The essential task of reservoir characterization is to predict elastic/petrophysical parameters or facies from observed seismic data and evaluate their uncertainty. Deep learning-based methods gain great popularity because of their powerful ability to obtain exact solutions for geophysical inverse problems. However, those deep learning methods that use seismic data as the only input lead to difficult training and unstable inversion results (i.e., transverse discontinuity or geologic unreliability). In such circumstances, it is beneficial if prior knowledge of the model domain can be incorporated into the deep learning framework. Therefore, we have developed prior-based loss functions in the learning step of the deep learning models to ensure that the predictions find low errors on the training sets and that their results are consistent with the known prior. In addition, the Monte Carlo dropout (MC-dropout) technique is introduced for the quantitative assessment of the uncertainty of the prediction results.

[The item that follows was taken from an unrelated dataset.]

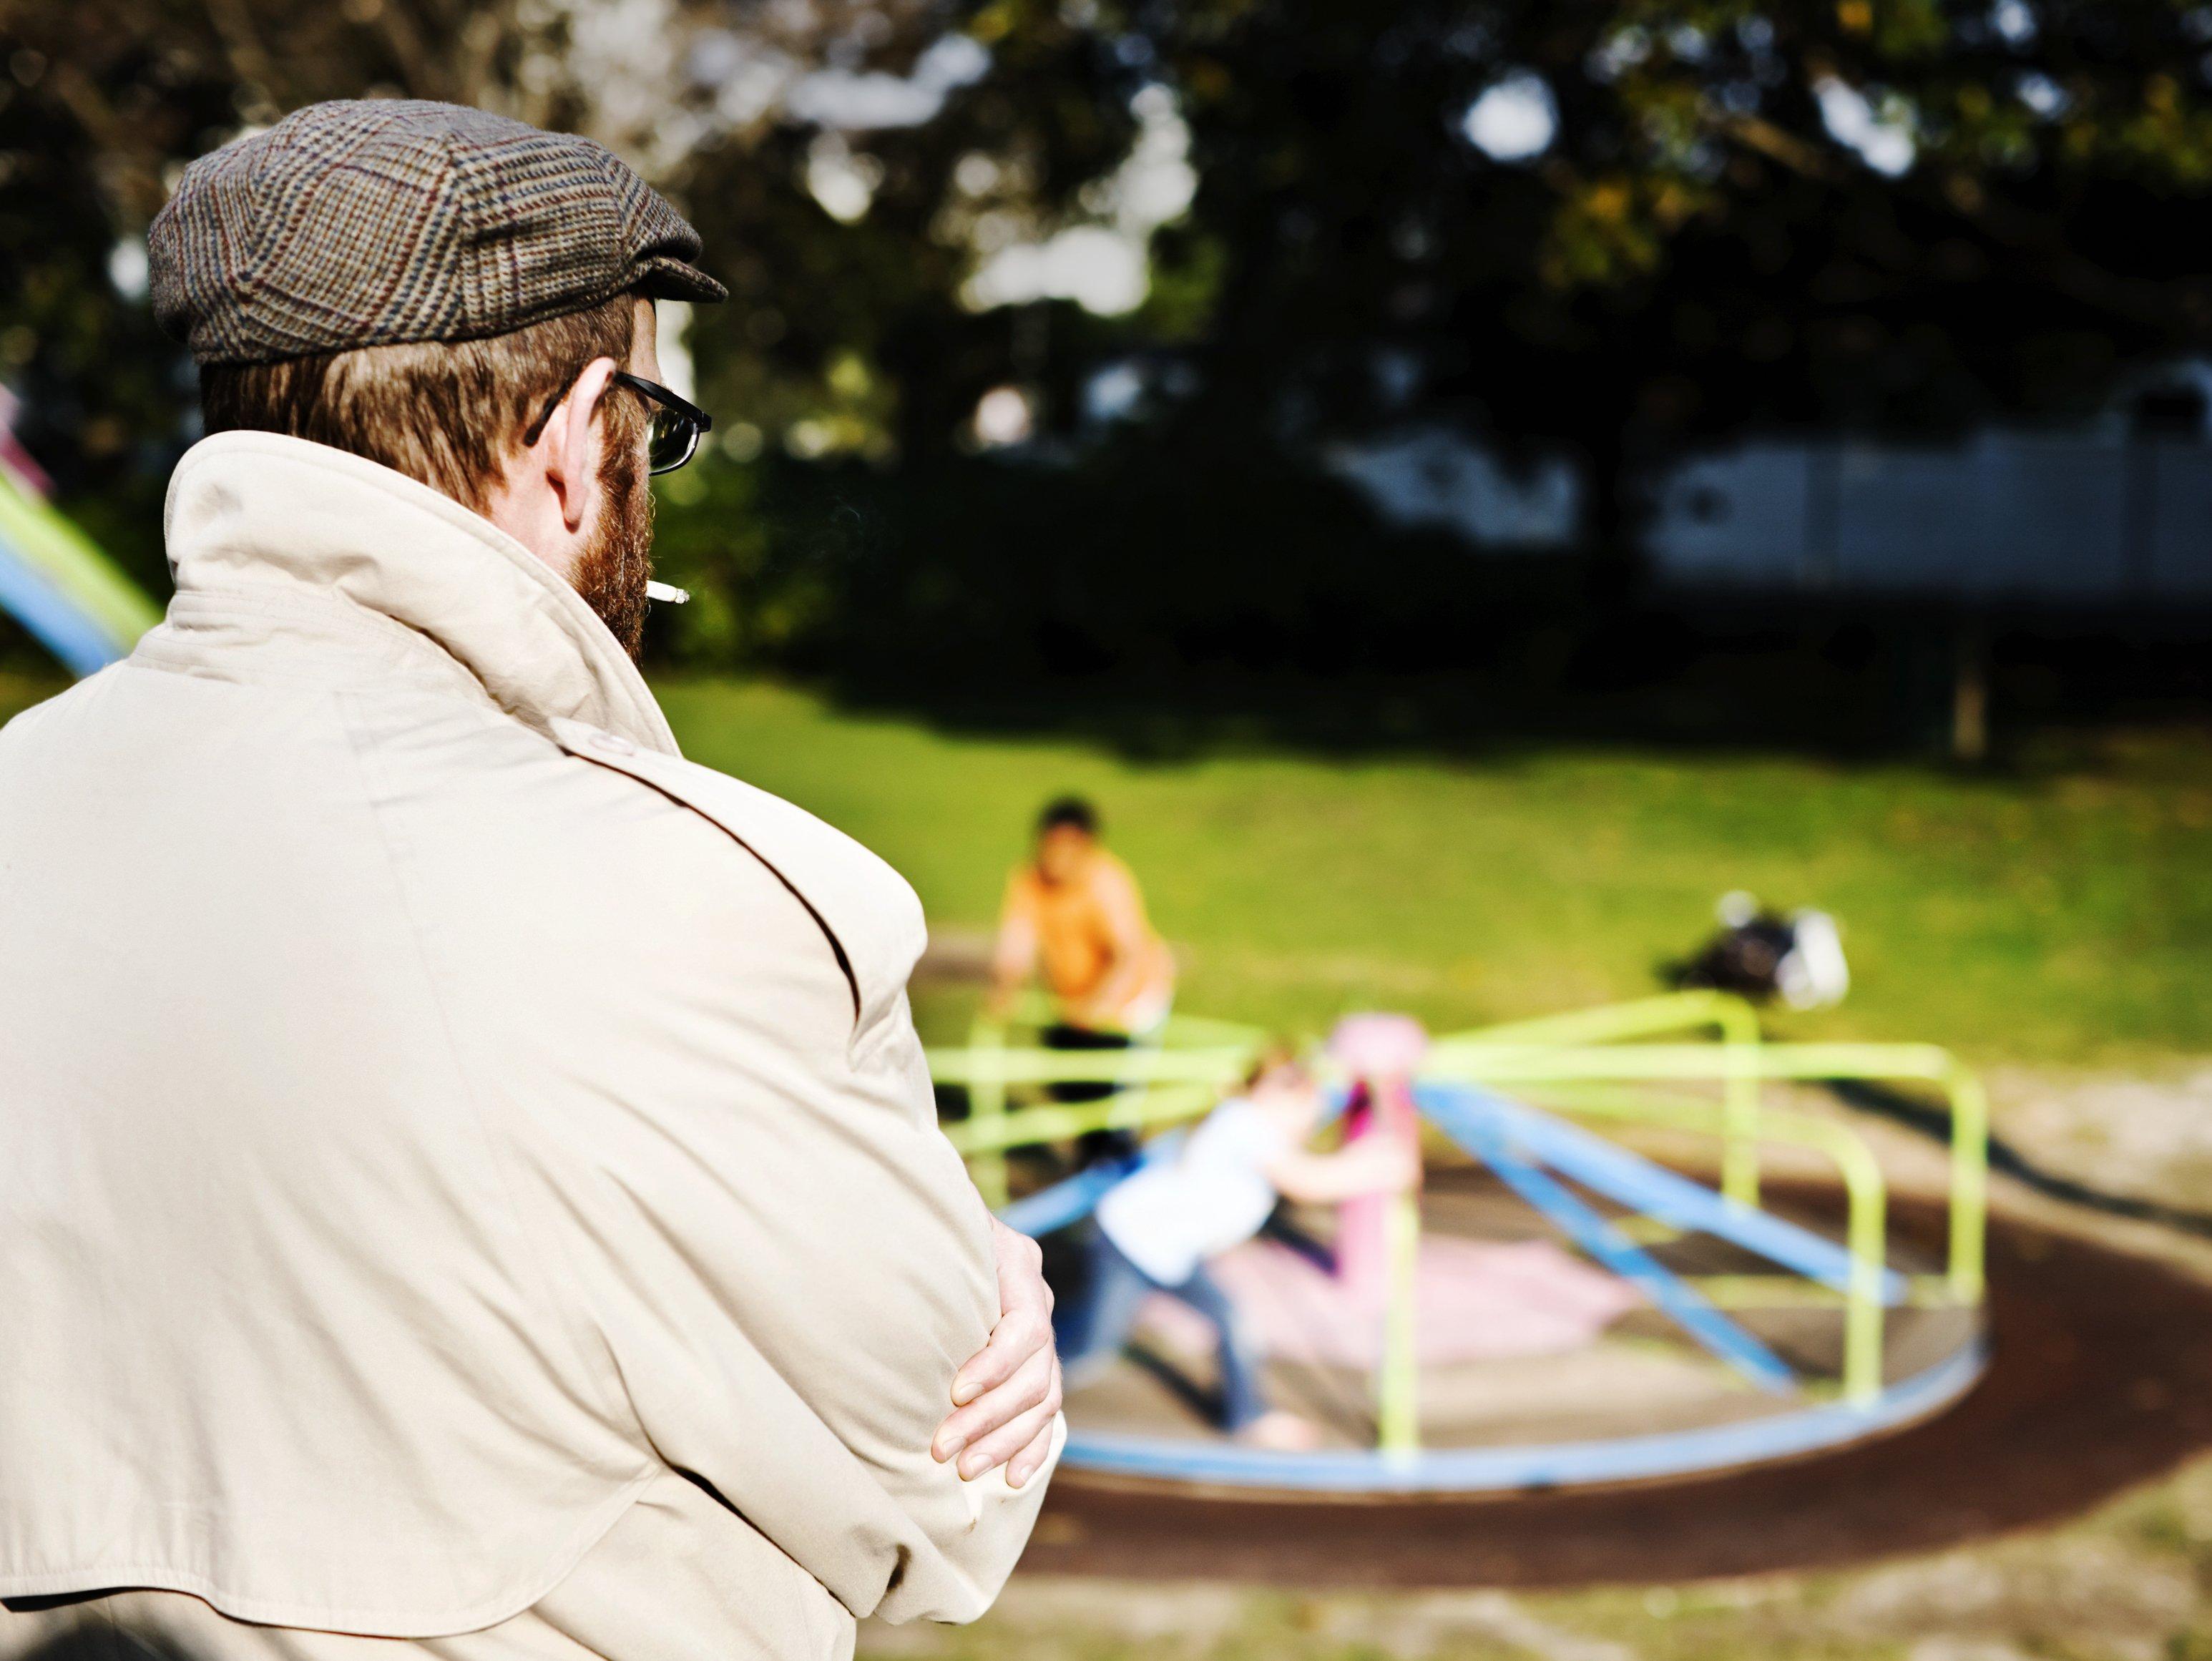 Stranger Danger Teaching Children About Dangerous
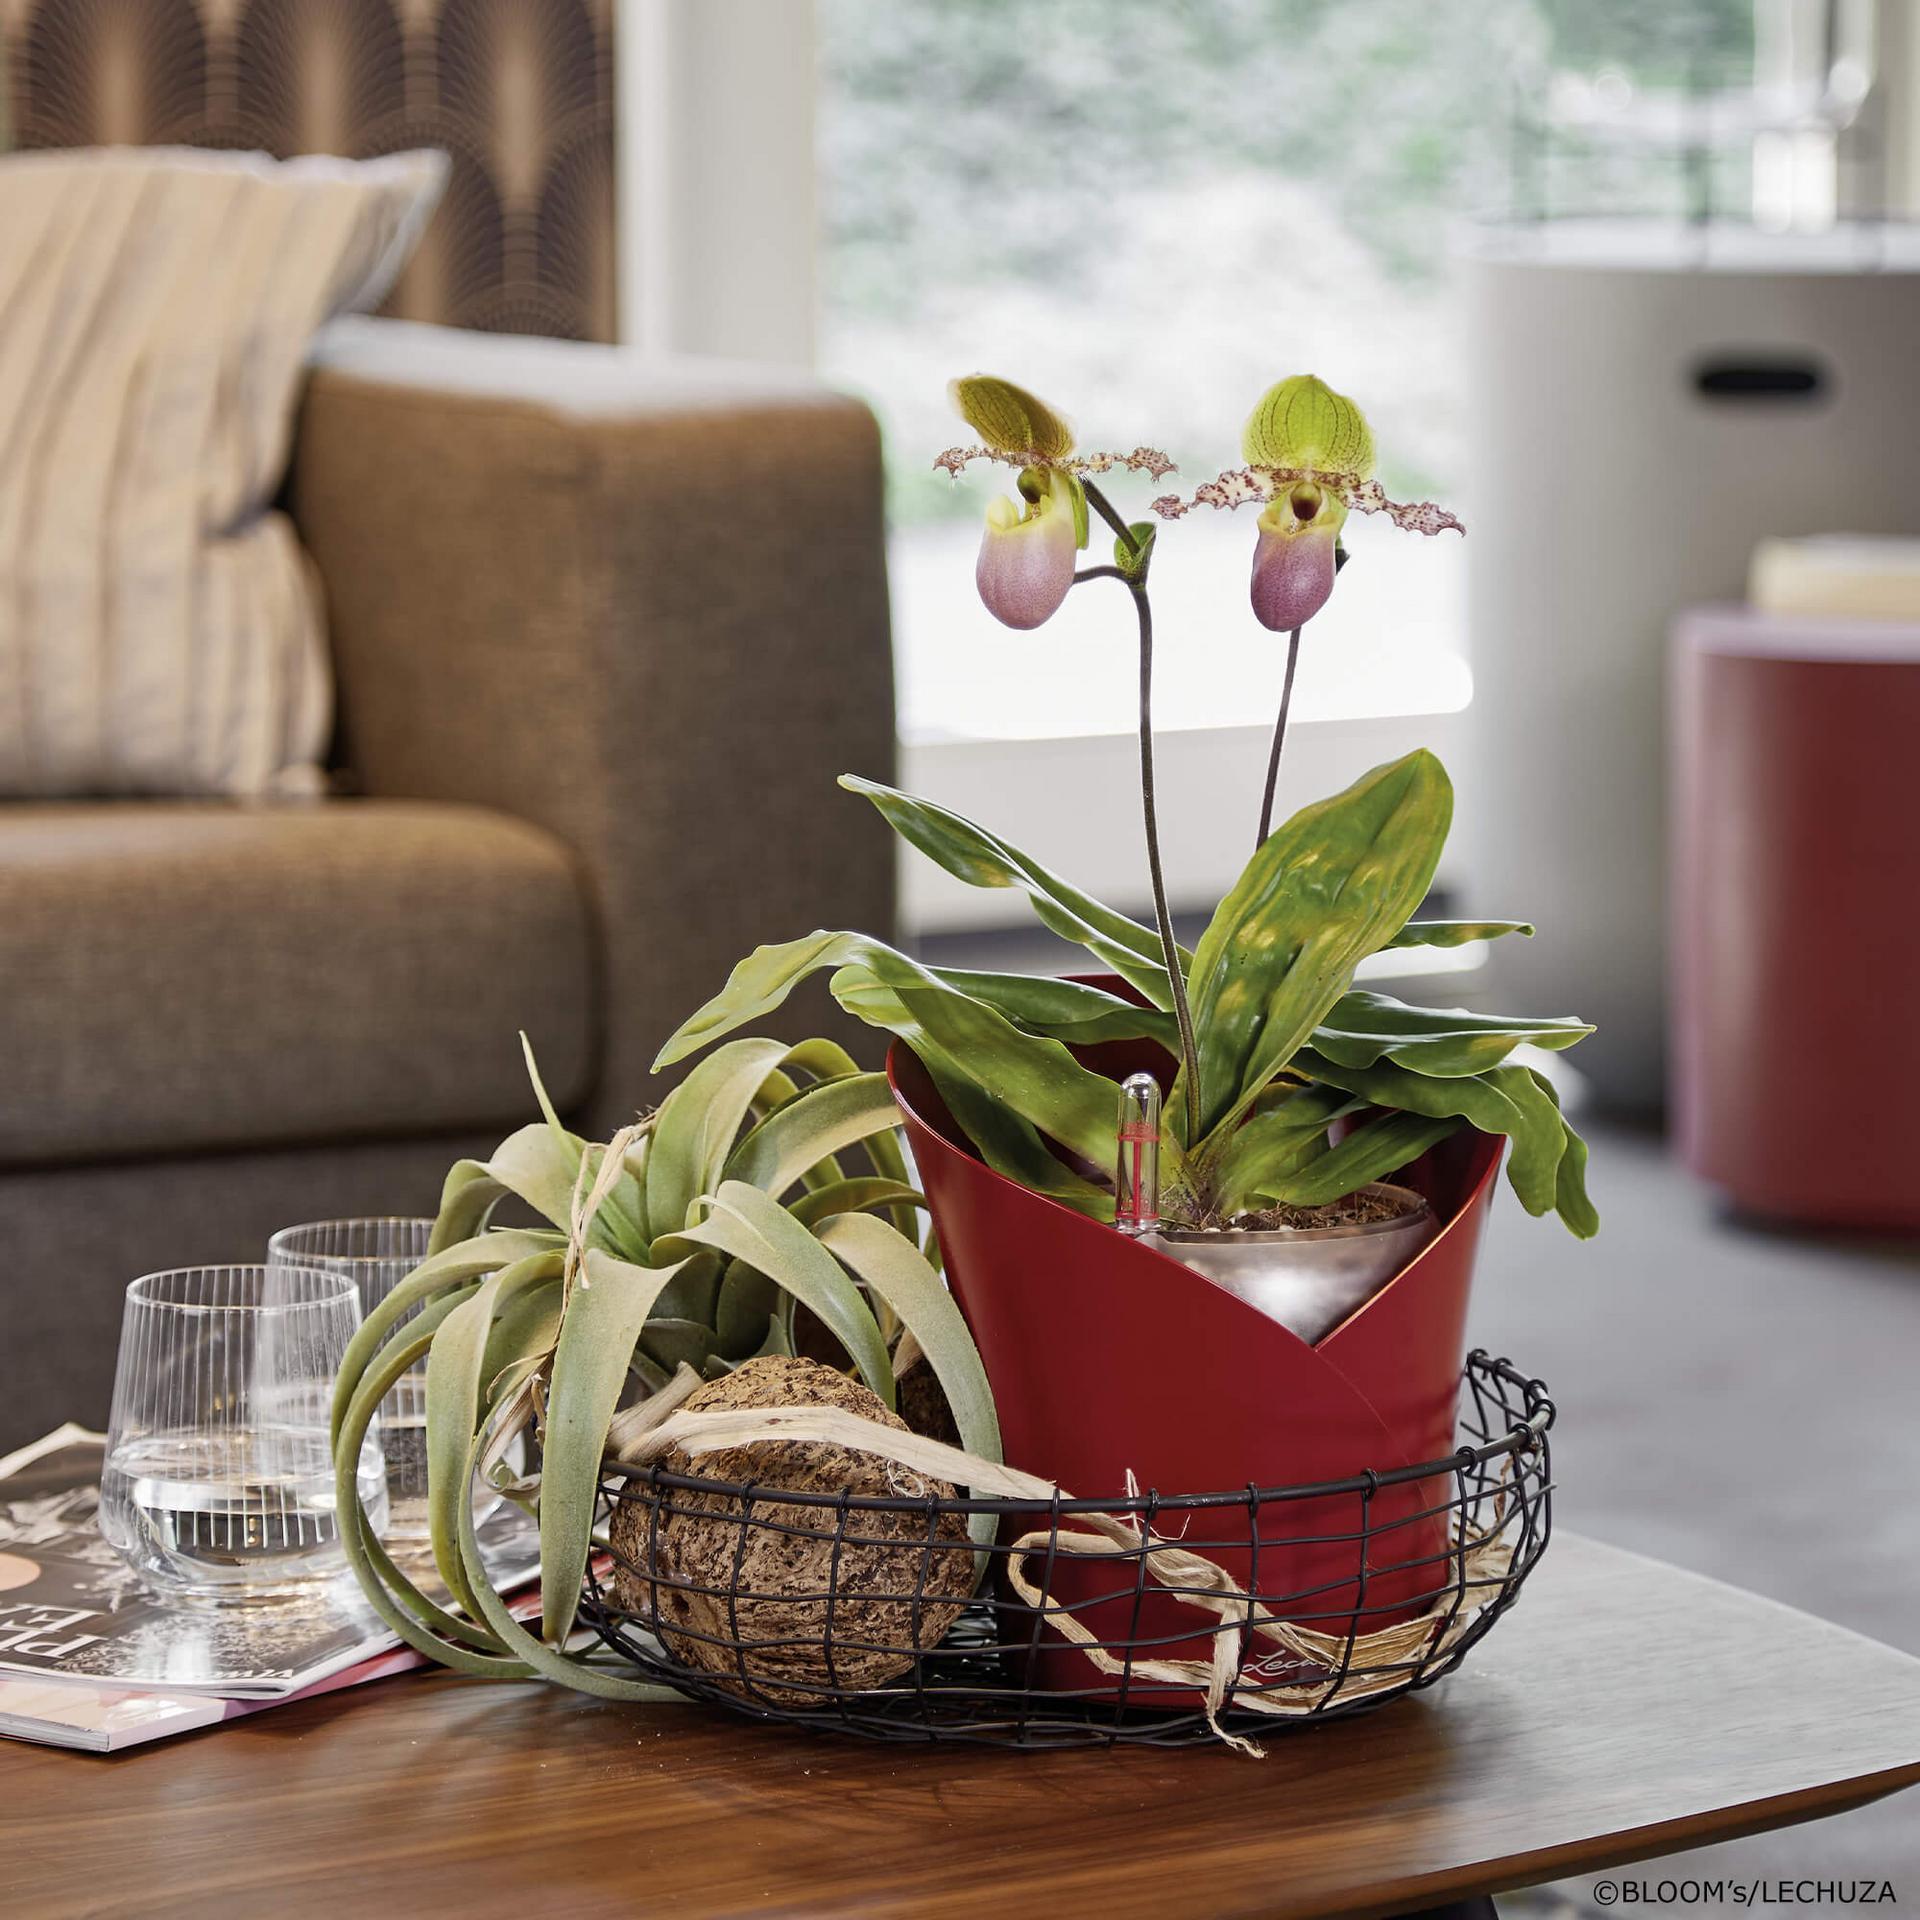 le_orchidea_product_addi_05

We determine the effectiveness of our framework in the application of prestack seismic inversion, in which the initial model built from well-log interpolation is used to design the prior-based loss function. We first perform extensive experiments on the synthetic data and find that our method can yield more stable and reliable results compared with traditional methods. Combined with the transfer learning strategy, the application to real data further demonstrates that our deep learning framework obtains more reasonable inversion results with more horizontal continuity and greater geologic reliability than traditional approaches.